- _TASK_: Reproduce the data below exactly. Skip the pictures.

- _SUPPLIED MATERIAL_:
"""

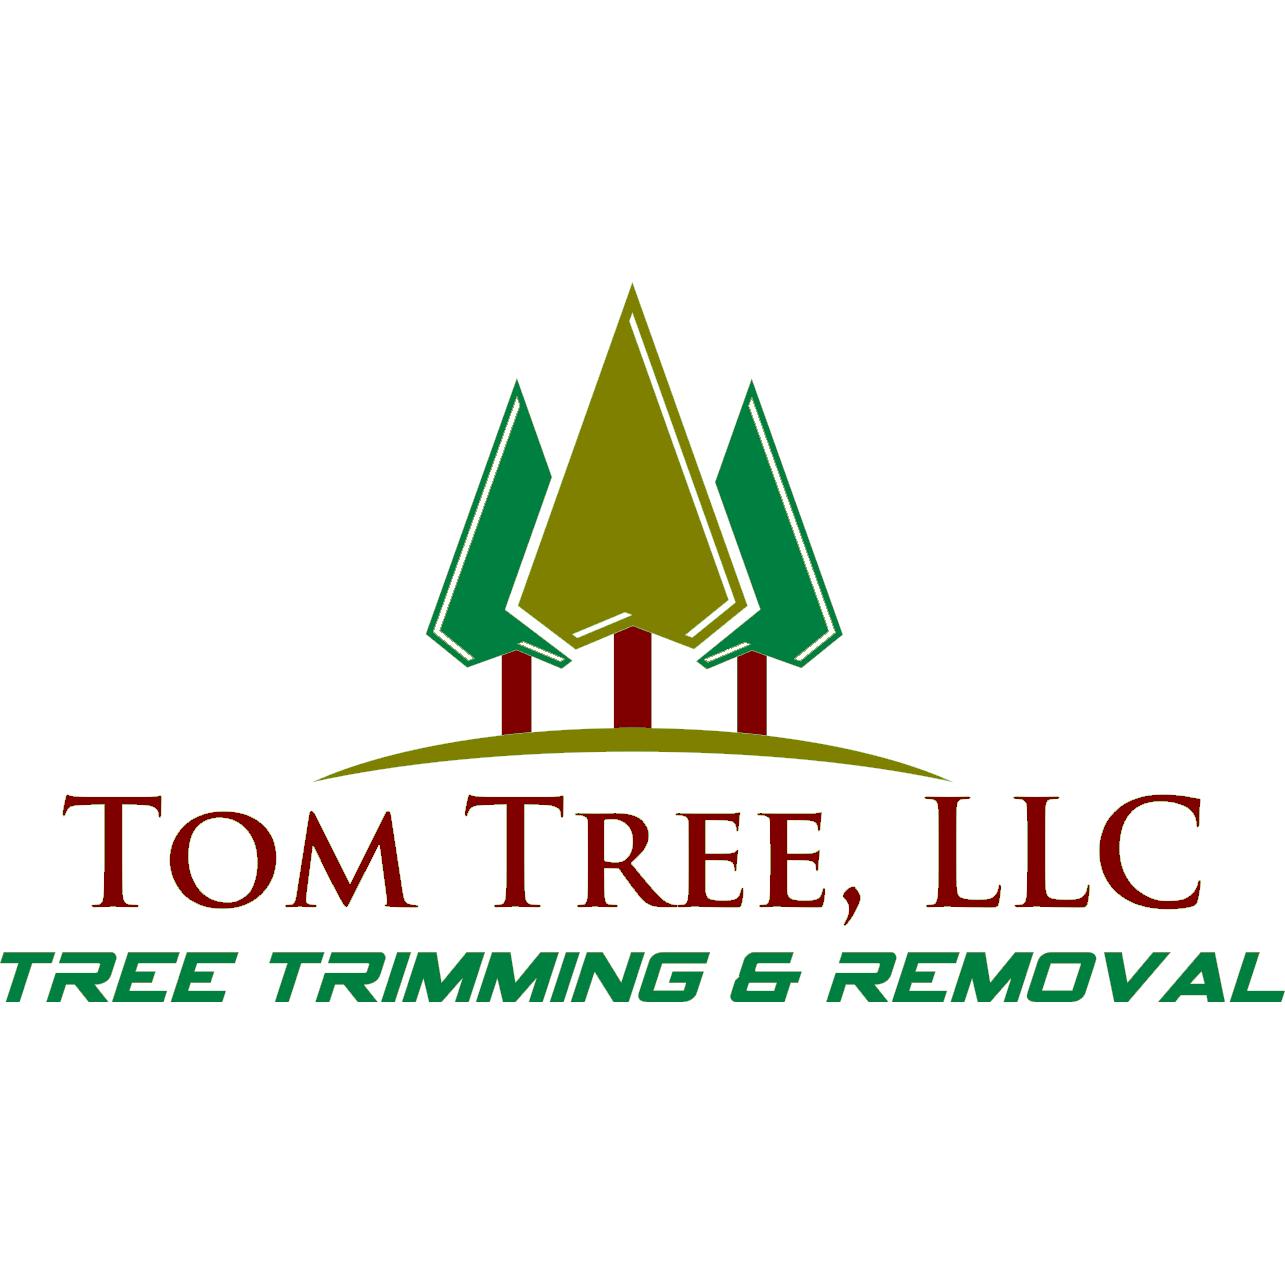 Tom Tree
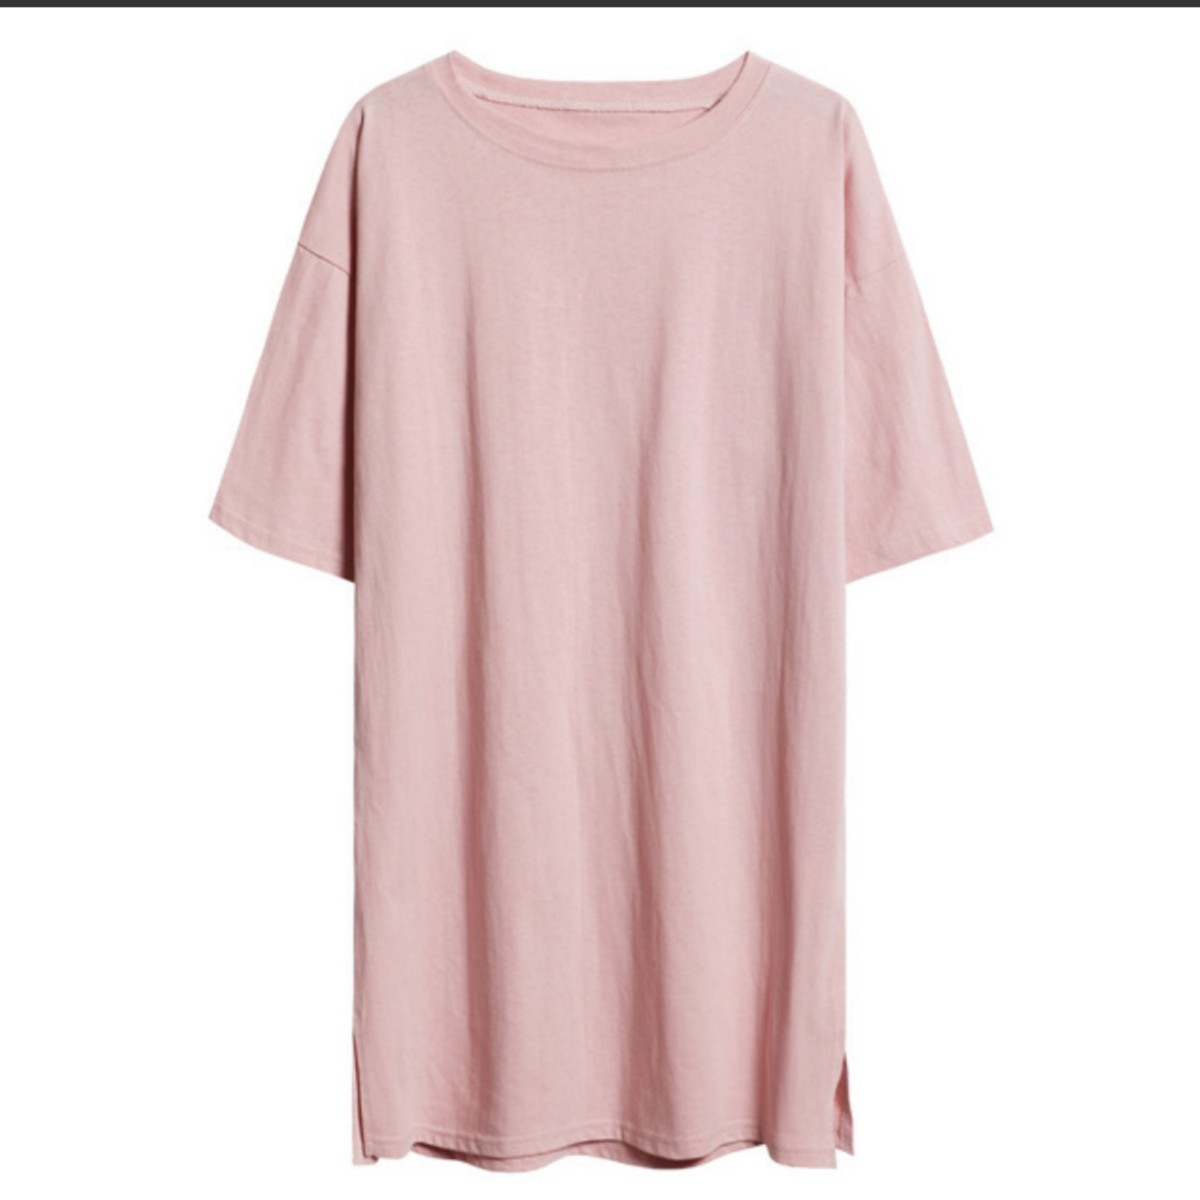 オーバーサイズロング丈半袖カットソー Tシャツ 【Lサイズ】
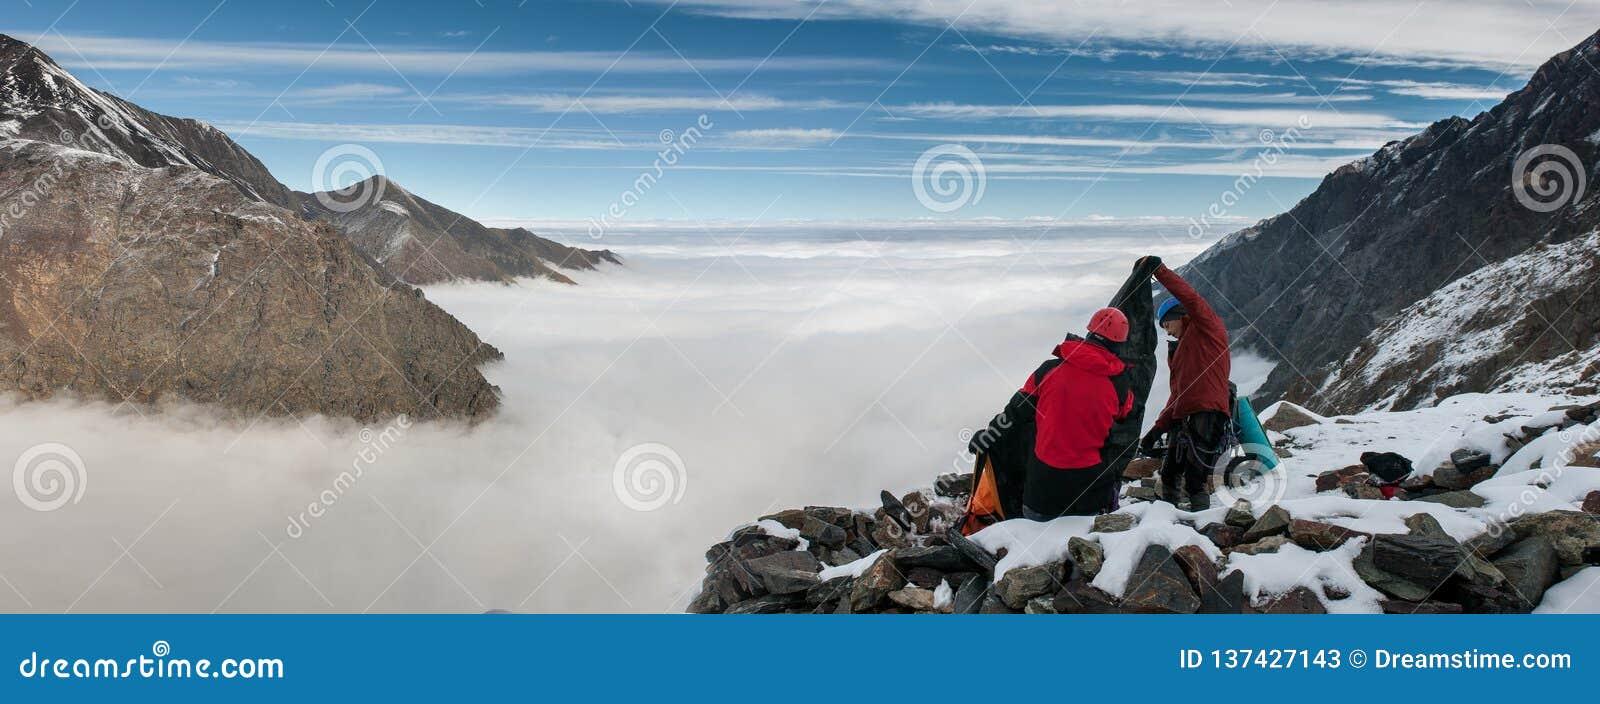 Berg lopp, natur, snö, moln

"""

- _SOLUTION TO THE EXERCISE_:
 Tom Tree
 オーバーサイズロング丈半袖カットソー Tシャツ 【Lサイズ】
 Berg lopp, natur, snö, moln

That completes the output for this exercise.